MEM tumors may develop at any site within the soft tissue or central nervous system. Most commonly, it presents in the soft tissues within the abdomen, pelvis, or external genitalia; and less commonly, within the head–neck regions or mediastinum [3]. Most cases are diagnosed in infants or children under 2 years of age [4]; congenital presentations are exceedingly uncommon, with less than 100 cases globally reported in the literature [3,5]. MEM poses significant diagnostic and therapeutic challenges due to its mixed nature and rarity. This case report describes a newborn with congenital MEM of the neck admitted to a Neonatal Intensive Care Unit (NICU). To our knowledge, this is the first case of MEM that was clinically present at birth and located within the neck.
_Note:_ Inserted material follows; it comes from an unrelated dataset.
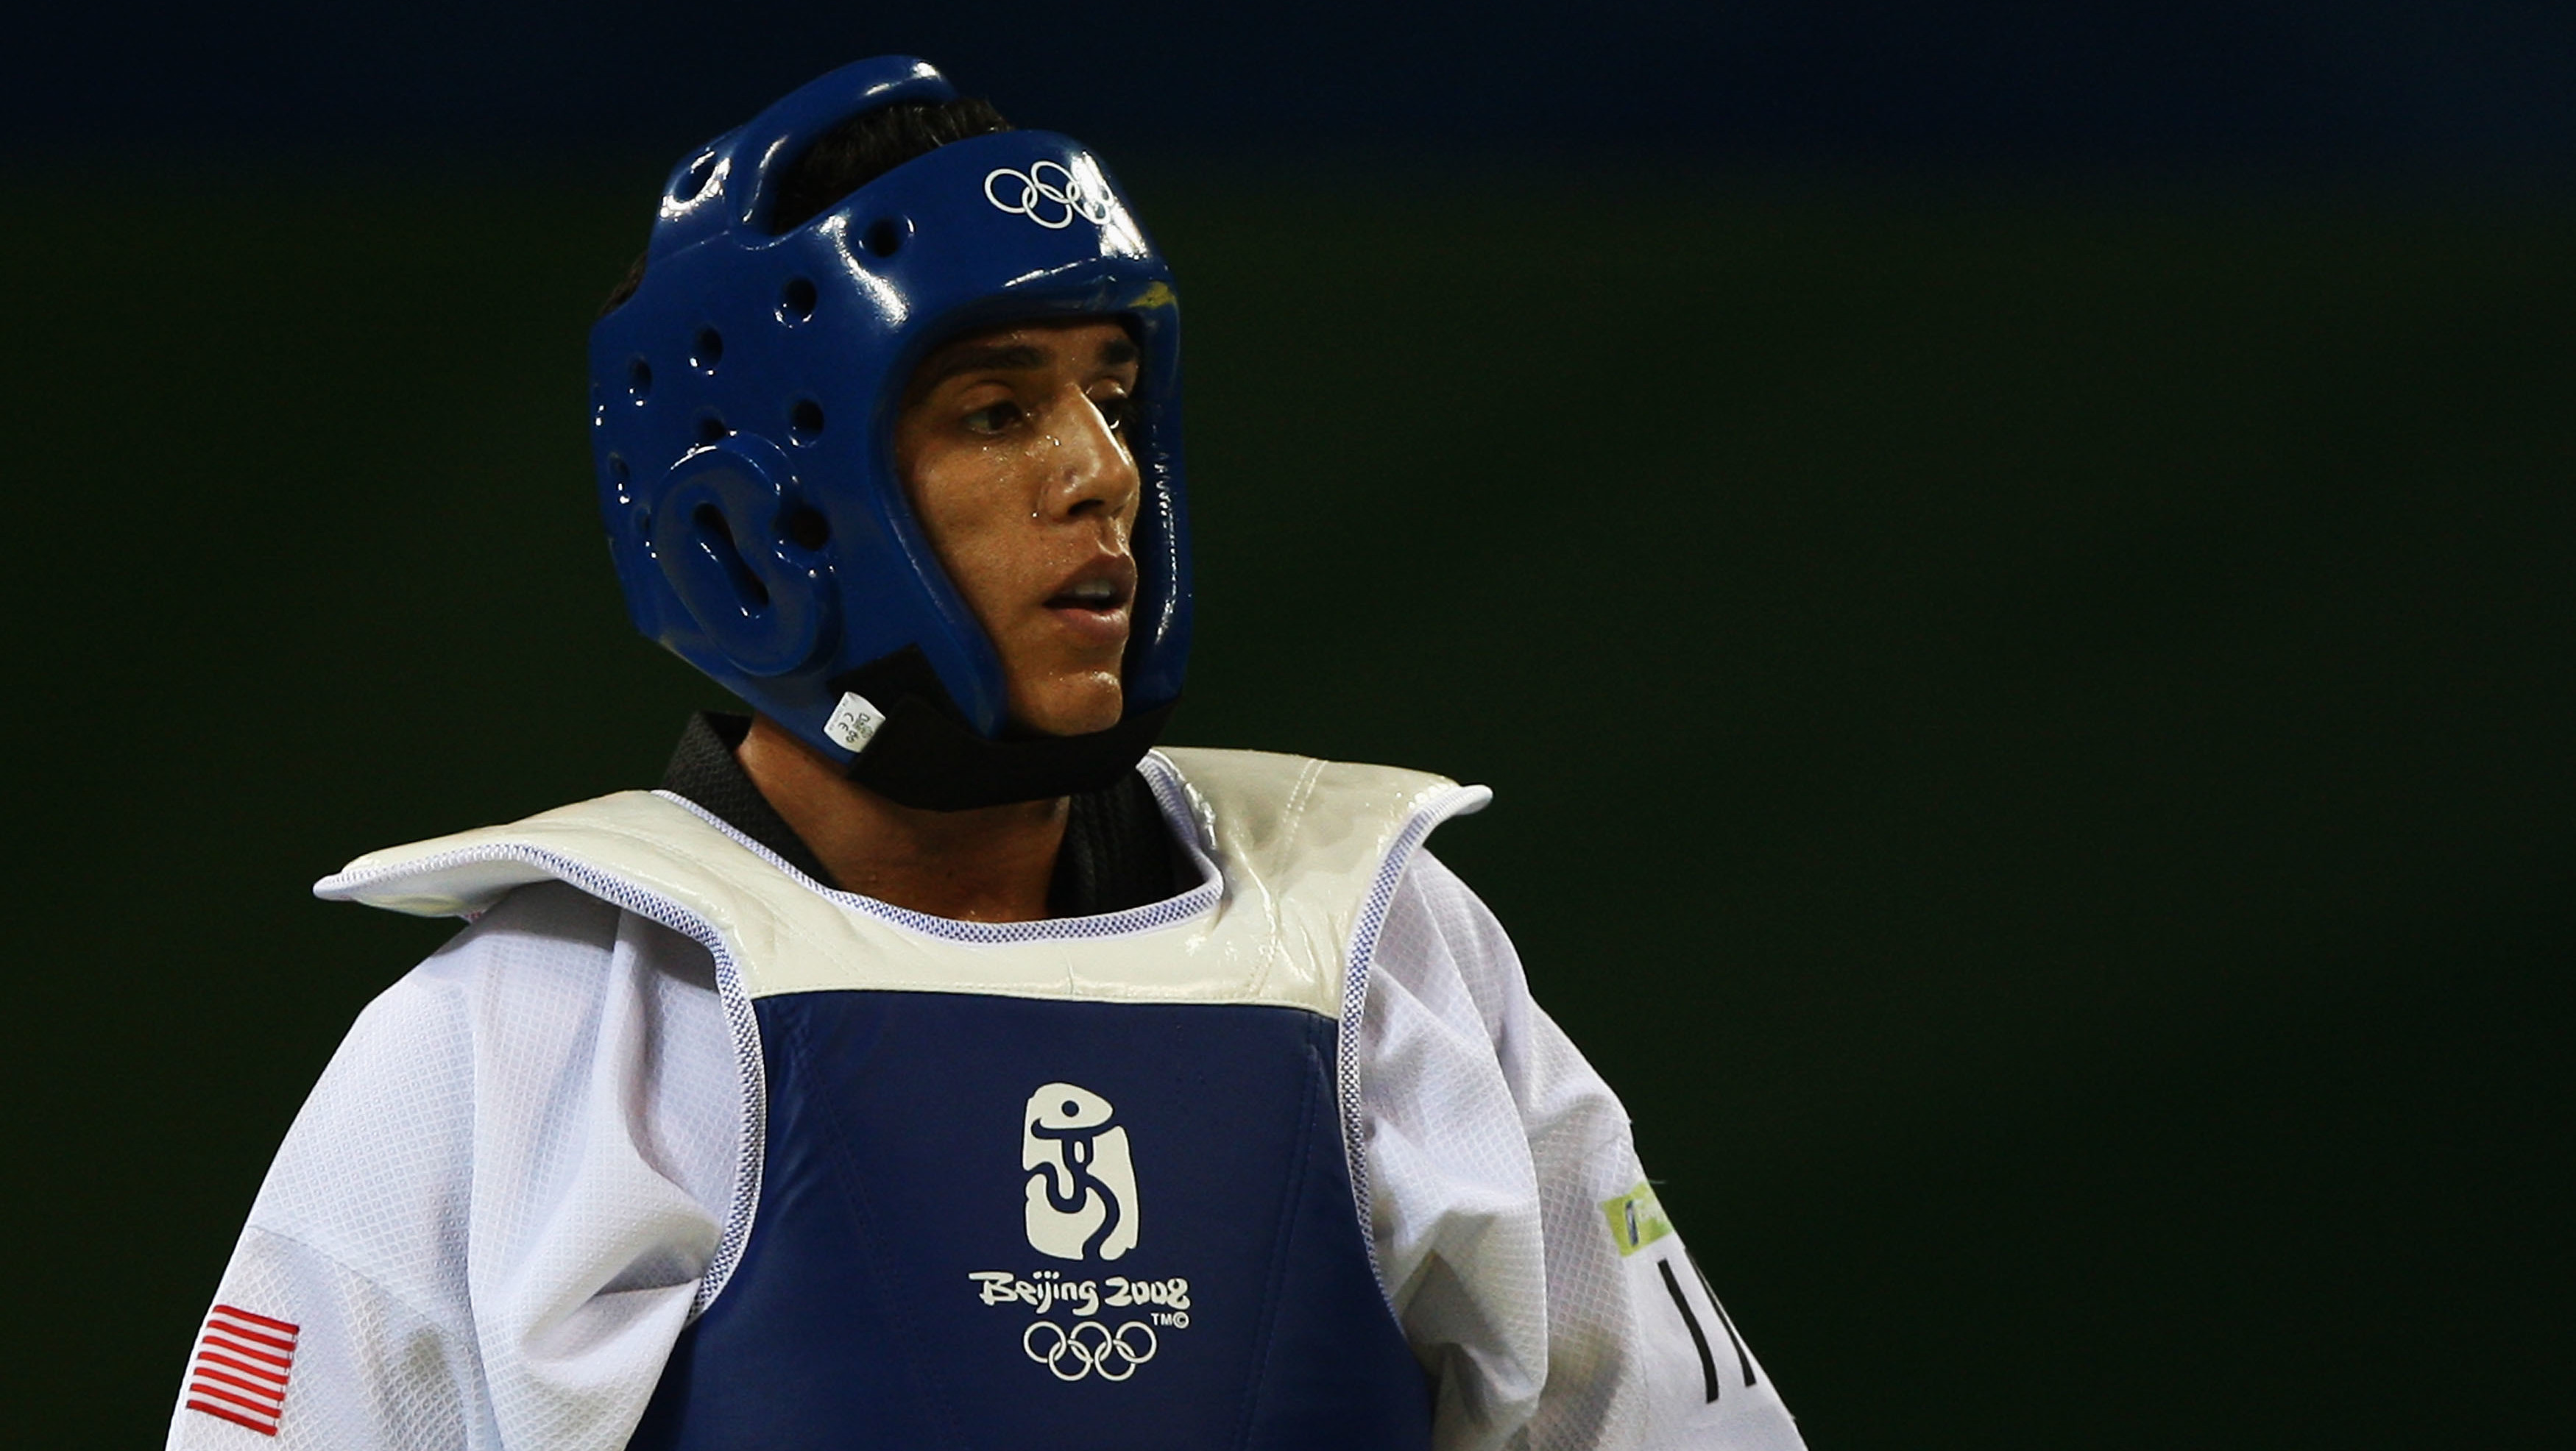 Decorated Taekwondo Athlete Steven Lopez Temporarily Barred Amid Assault Claims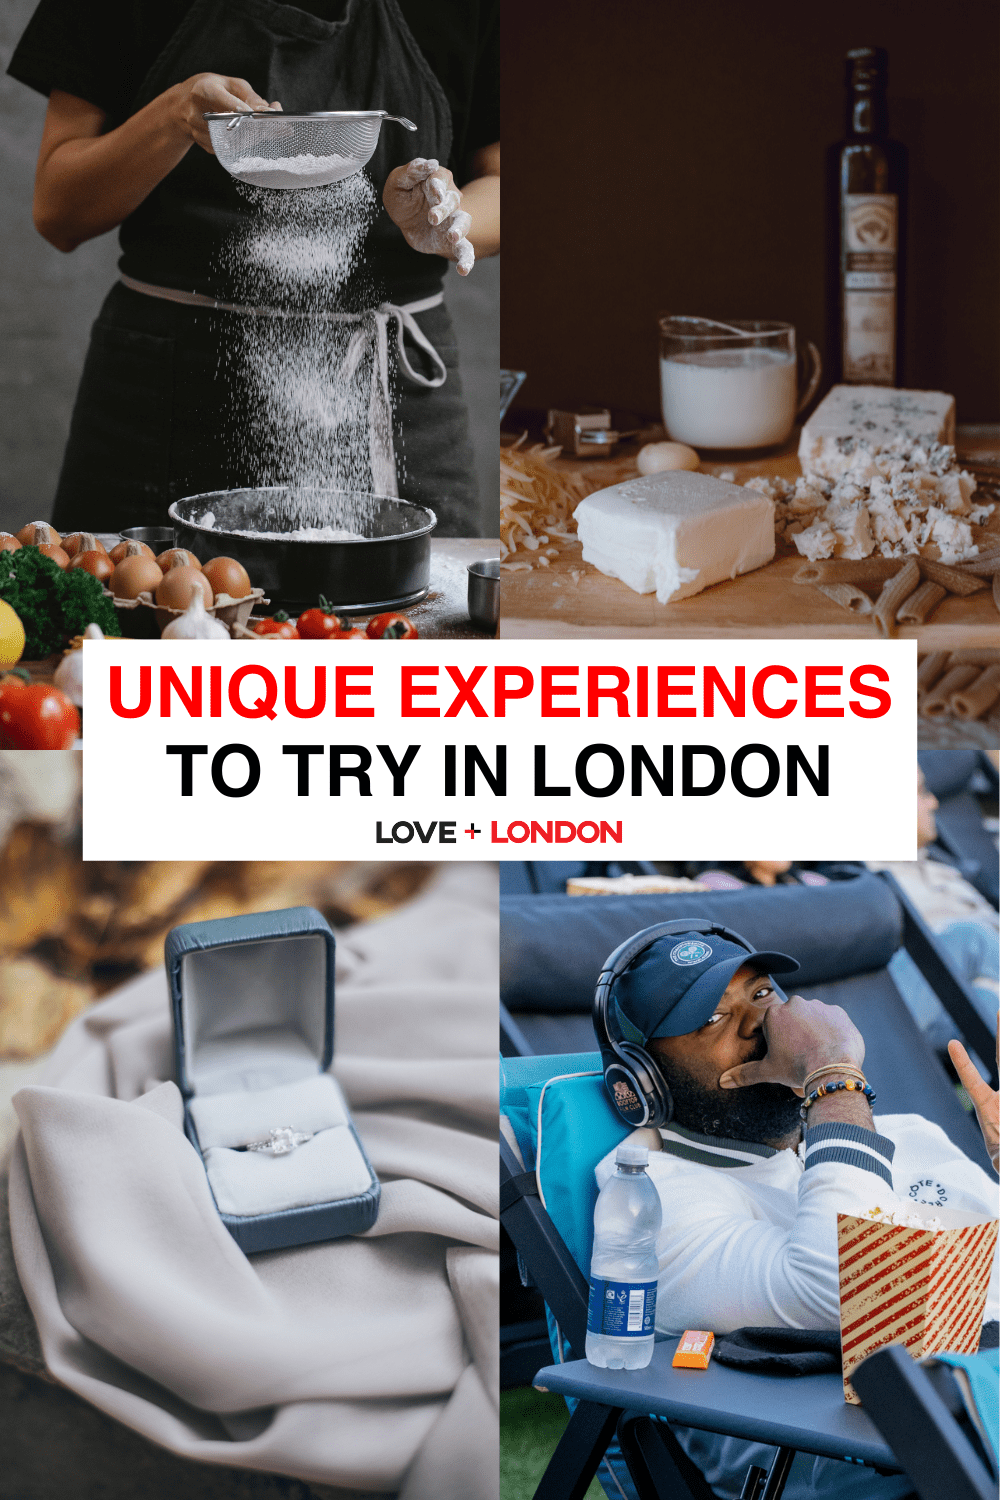 Unique Experiences to Try in London

Congenital presentation of MEM is particularly uncommon, with only a few cases reported in the literature. The rarity of MEM, particularly in the congenital form, poses challenges to diagnosis, treatment, and understanding of its pathophysiology.
Most MEM in infants arise from pelvic, retroperitoneal, and urogenital sites, followed by head and neck regions, as seen in our patient, then intracranial and extremity sites, manifesting as painless, rapidly enlarging masses [3]. Some studies suggest MEM shows a male predominance [3,5] and is most often observed in the first two years of life. The pathogenesis of MEM is unclear, though it is believed to arise from undifferentiated neural crest cells, which differentiate into both ectodermal (epithelial) and mesodermal (mesenchymal) tissues [6,7]. Some literature suggests mutations in P53, and cell cycle control pathway regulators could be the drivers of tumorigenesis. Clinical presentation in infants is often nonspecific which can make diagnosis challenging. Most cases present rapidly enlarging masses in the pelvis, abdomen, external genitalia, and head and neck region [4,5,6]. Symptoms can vary depending on the location and size of the tumor, visible swelling, signs of local invasion, or systemic symptoms. Masses in the head and neck region may manifest with symptoms of difficulty breathing or feeding due to obstruction of the aerodigestive tract. The differential diagnosis for congenital neck masses in neonates includes vascular or lymphatic malformations, thyroglossal duct cysts, branchial cleft cysts, or other soft tissue tumors such as congenital fibrosarcoma, hemangiomas, lymphangiomas, and neuroblastomas [5].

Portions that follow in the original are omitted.